Staight left an interesting post on The Whiteboard a couple of days ago:

You’ve discussed 5S but Novaces, for example, has a 6S system. I think it would be great if you talked about different consultant companies and their processes.

Novaces, it turns out, is a consultancy apparently based out of New Orleans. In the nature of full disclosure, I have to say that I know nothing about them other than what is on their web site plus they (apparently) teach 6S rather than 5S. I render no opinion either way about their competency or capability.

There are a lot of good consultancies out there. There are a lot of mediocre ones. There are some that are charlatans. I suppose one of the great ironies of the business is that, if you are capable of reliably vetting them on their competency, you probably don’t need them in the first place.

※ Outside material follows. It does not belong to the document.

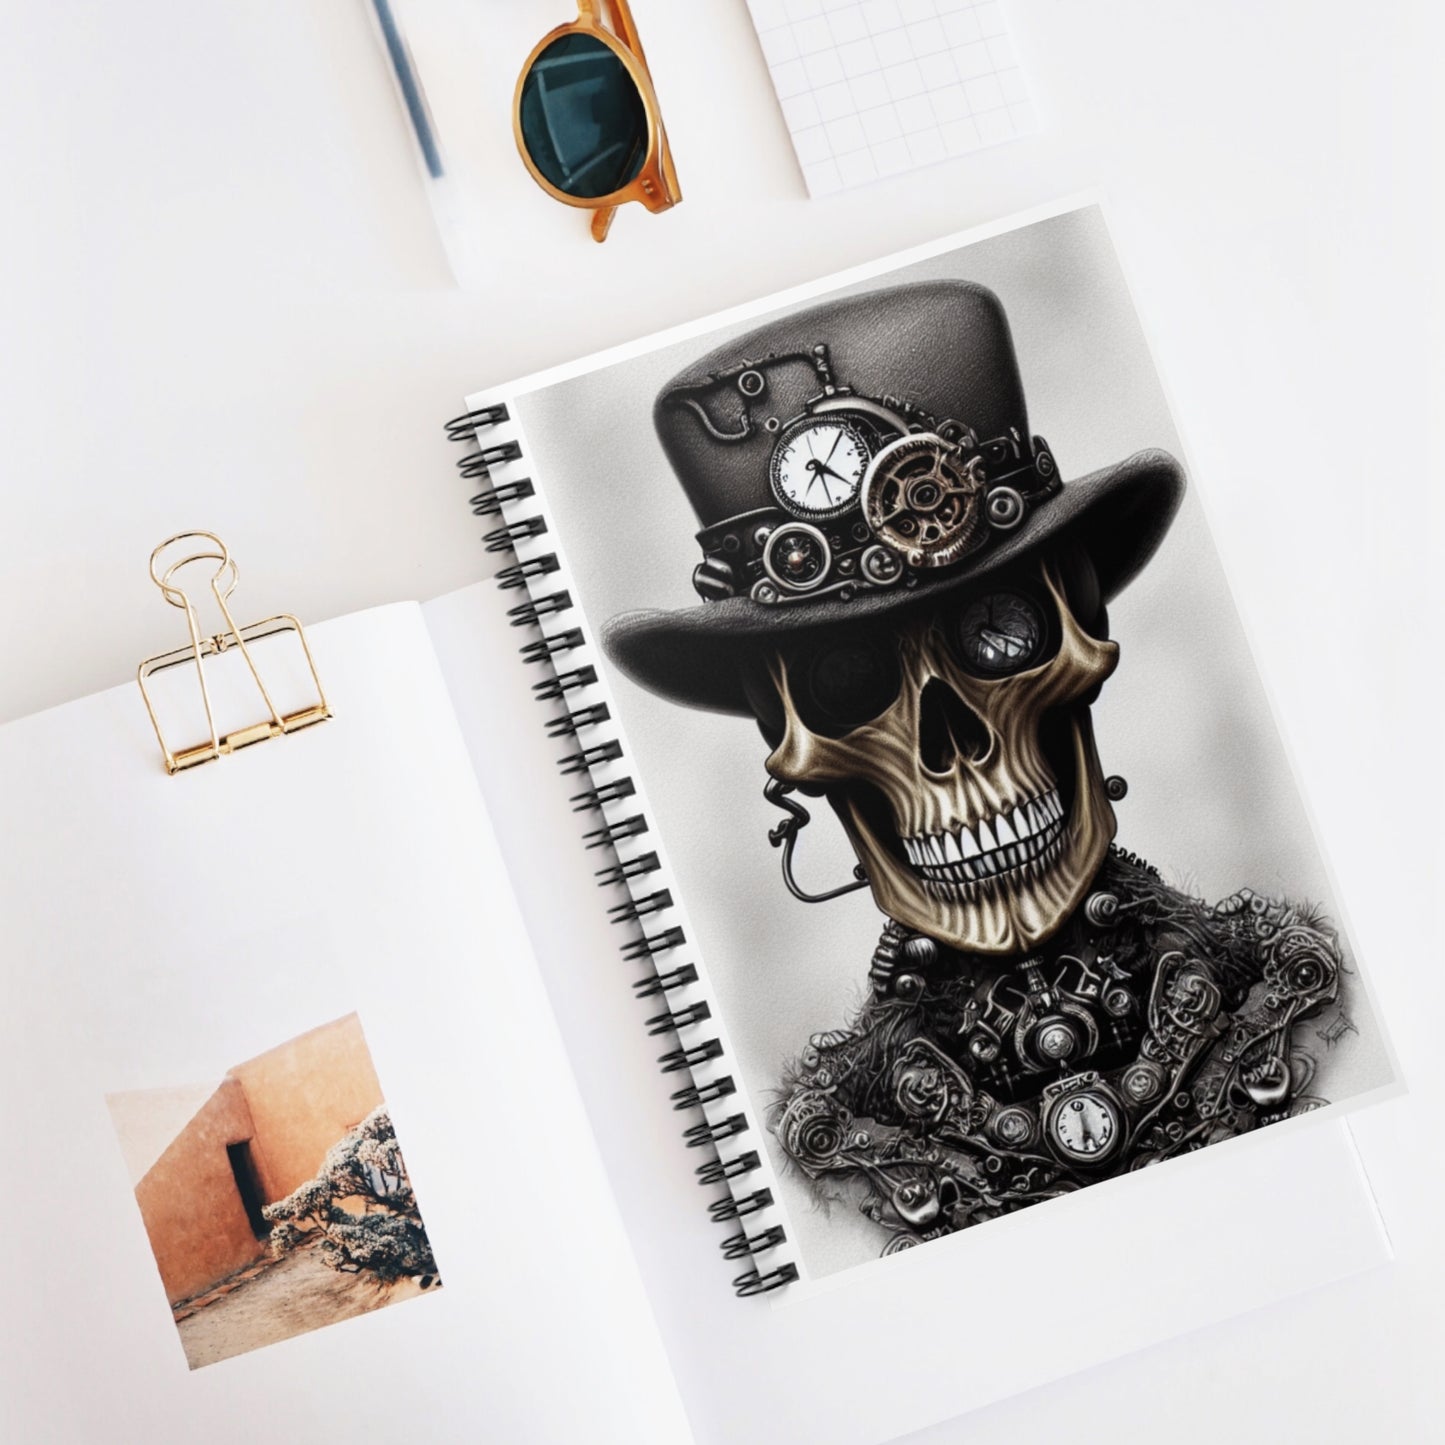 Steampunk Skeleton: Spiral Notebook - Log Books - Journals - Diaries - and More Custom Printed by TheGlassyLass.com

For the sake of the discussion, though, I want to limit myself to the population of really good ones. These are the ones who are primarly there to teach the clients how to engage in the kind of sharp critical thinking that charactarizes high-performance organizations.

The good consultancies will have an approach that applies the same principles. And here is the key point:

As long as the basic principles of the thinking structure get embedded, it really does not matter that much how they do it. If a consultancy wants to differentiate itself by using 6S, or 4S, instead of 5S, there is little difference in the result if they are any good.

Let’s take the different numbers of ‘S’ and really take a look at why this is true.

Though they may have adapted 5S today, originally (a long time ago) Toyota taught 4S. The idea of “self discipline” or “sustaining” didn’t come into it because that was embedded thoroughly in the culture. It was taught elsewhere.  Likewise for safety. It isn’t that they leave it out because they didn’t have it called out as an ‘S’, they just include it somewhere else.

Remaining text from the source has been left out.